Testprocedures voor kwaliteitscontrole kunnen ook worden bestuurd door een brancheorganisatie. In de Verenigde Staten staat dit orgaan bijvoorbeeld bekend als de Association for Contract Textiles (ACT). Bestuursorganen zoals ACT leggen vaak normen op voor textielkwaliteitscontrole die consumenten helpen weloverwogen beslissingen te nemen. Gebruikelijke metingen die ervoor zorgen dat stoffen volgens industriële normen presteren, zijn: vlambestendigheid om de weerstand van een stof tegen verbranding te bepalen; crockingweerstand om de kleurduurzaamheid van een stof te meten; ultraviolet lichtbestendigheid om vervagingsweerstand te meten; fysieke eigenschappen die wijzen op potentieel voor pilling en scheuren; en slijtage om eventuele slijtage van het oppervlak te bepalen. Informatie over deze testresultaten kan op zijn beurt op productetiketten worden afgedrukt.

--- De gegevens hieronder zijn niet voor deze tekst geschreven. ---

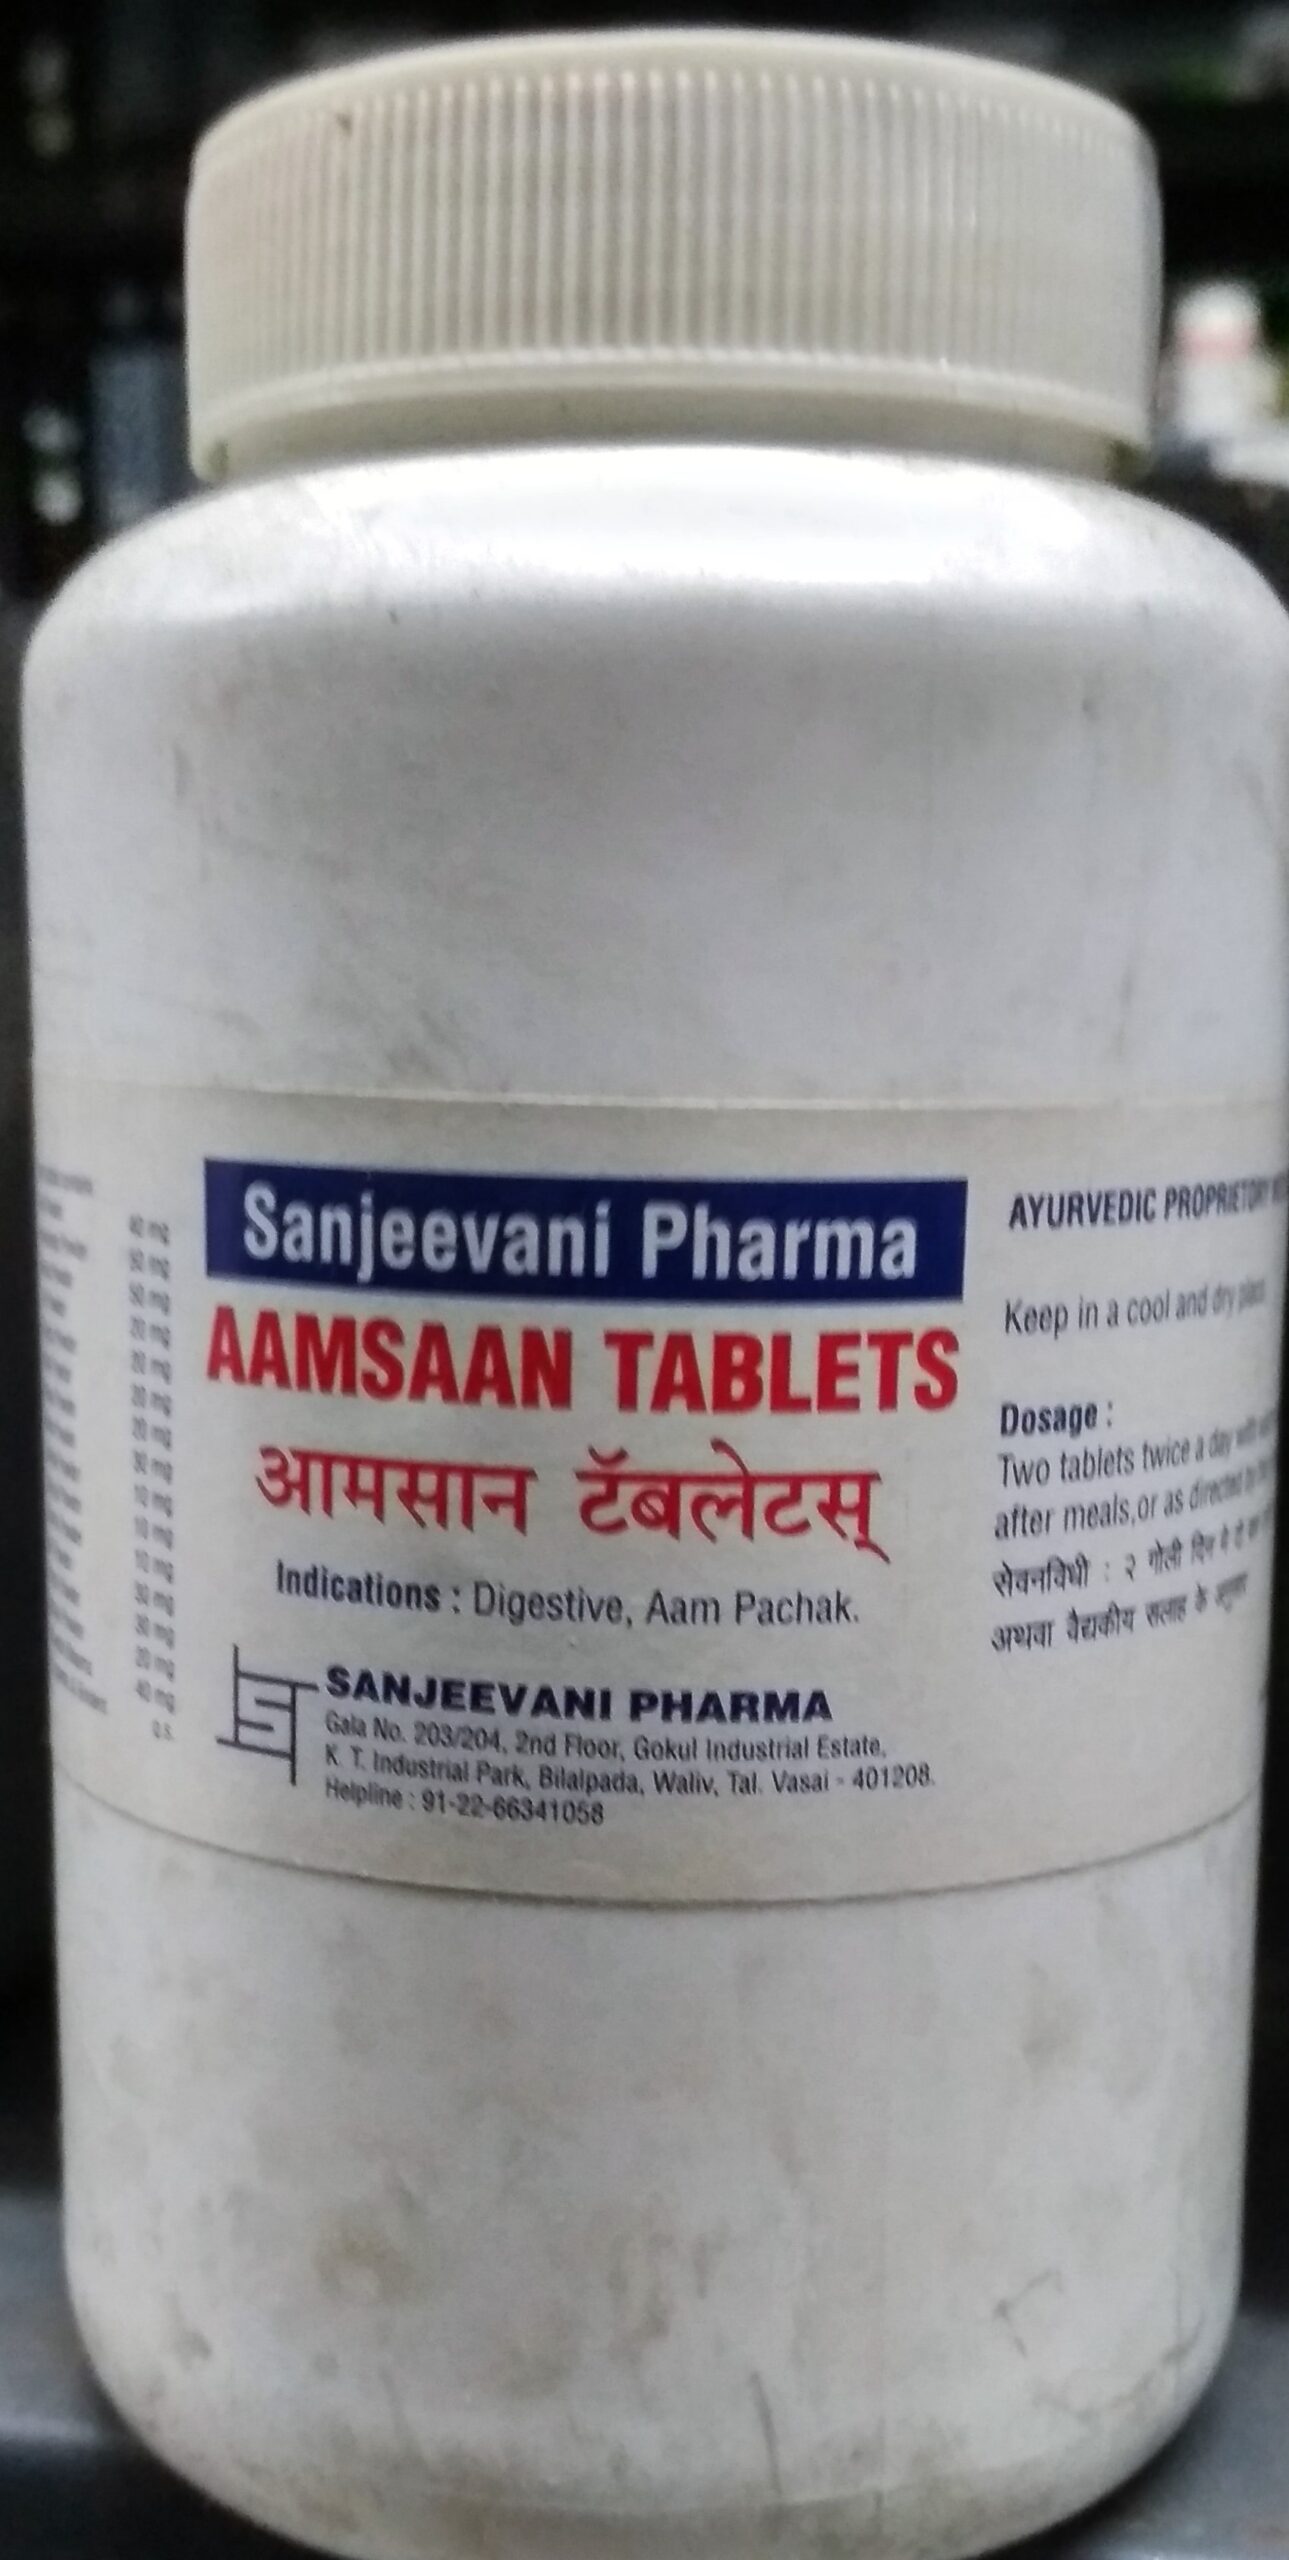 aamsaan tablet 500 tab upto 20% off sanjeevani pharma mumbai

Vlambestendigheid kan worden getest met een verticale test, waarbij de stof op een houder wordt geplaatst en gedurende een specifieke tijd aan een open vlam wordt blootgesteld. Nadat de vlam is verwijderd, kan de verkoolingslengte van het testmonster worden gemeten volgens lokale of nationale normen om een classificatie vast te stellen. Om de kleurvastheid te bepalen, kan de stof gedurende een bepaald aantal keren worden gewreven met vierkanten van witte katoenen stof onder gecontroleerde druk. De hoeveelheid kleur die wordt overgebracht naar de witte testvierkanten kan vervolgens worden gekoppeld aan een controlekaart en een beoordeling worden vastgesteld.
Weerstand tegen ultraviolet licht is een ander belangrijk aspect van de kwaliteitscontrole van textiel. Voor deze meting kan de stof worden blootgesteld aan licht dat de zonnestralen simuleert. Na specifieke passages van tijd, kan het weefselstaal vervolgens worden vergeleken met een grijsschaal om de mate van vervaging te beoordelen. Fysieke eigenschappen kunnen worden gemeten met een borstelpil, breeksterkte of naadsliptest. Slijtage kan worden getest door een stof op een plat oppervlak te plaatsen en deze in een acht-cijferige beweging te wrijven met een stuk wollen doek.